WASHINGTON (Reuters) – The U.S. House Rules Committee said it will meet on Tuesday afternoon to discuss the debt ceiling bill, which needs to pass a narrowly divided Congress before June 5, when the U.S. Treasury says it would run short of money to cover all its obligations.
Democratic President Joe Biden and Republican House of Representatives Speaker Kevin McCarthy on Sunday signed off on an agreement to temporarily suspend the debt ceiling and cap some federal spending in order to prevent a U.S. debt default. Biden said the deal was ready to move to Congress for a vote.
“The Committee on Rules will meet Tuesday, May 30, 2023 at 3:00 PM ET,” the panel said in a statement on Monday.
The deal, if approved, will prevent the U.S. government from defaulting on its debt and comes after weeks of heated negotiations between Biden and House Republicans. It has drawn fire from both hardline Republicans and progressive Democrats, but Biden and McCarthy are banking on getting enough votes from both sides.
McCarthy on Sunday predicted he would have the support of a majority of his fellow Republicans, and House Democratic leader Hakeem Jeffries said he expected Democratic support.

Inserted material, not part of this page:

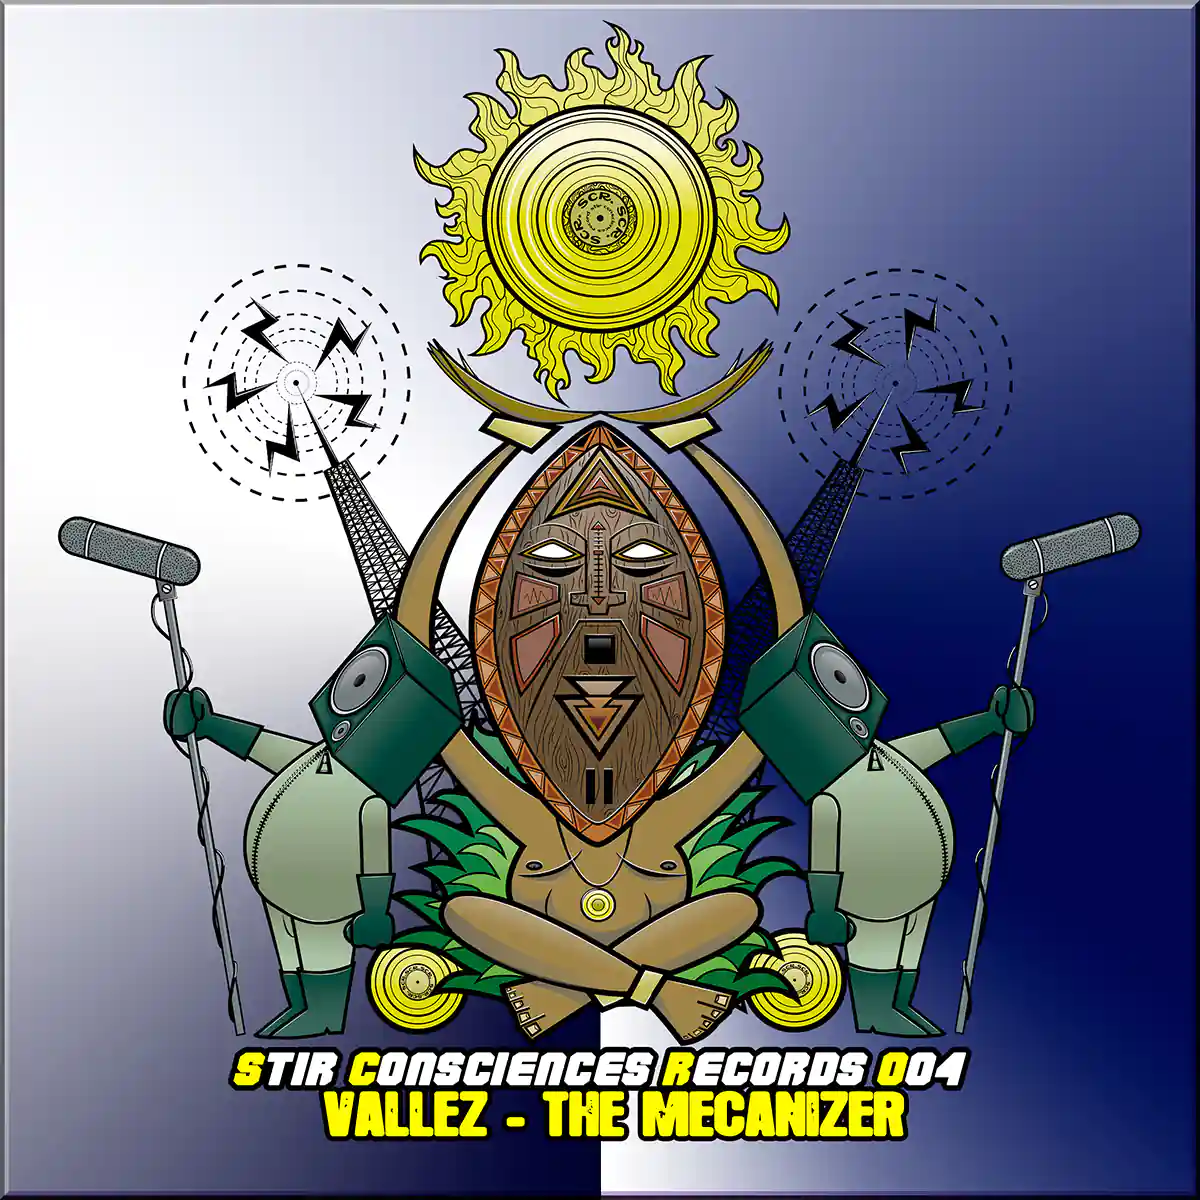 Vallez - The Mecanizer - Stir Conciences Records 004

The agreement would suspend the debt limit through Jan. 1 of 2025, cap spending in the 2024 and 2025 budgets, claw back unused COVID funds, speed up the permitting process for some energy projects, and include extra work requirements for food aid programs for poor Americans.
The 99-page bill would authorize more than $886 billion for security spending in fiscal year 2024 and over $703 billion in non-security spending for the same year, not including some adjustments. It would also authorize a 1% increase for security spending in fiscal year 2025.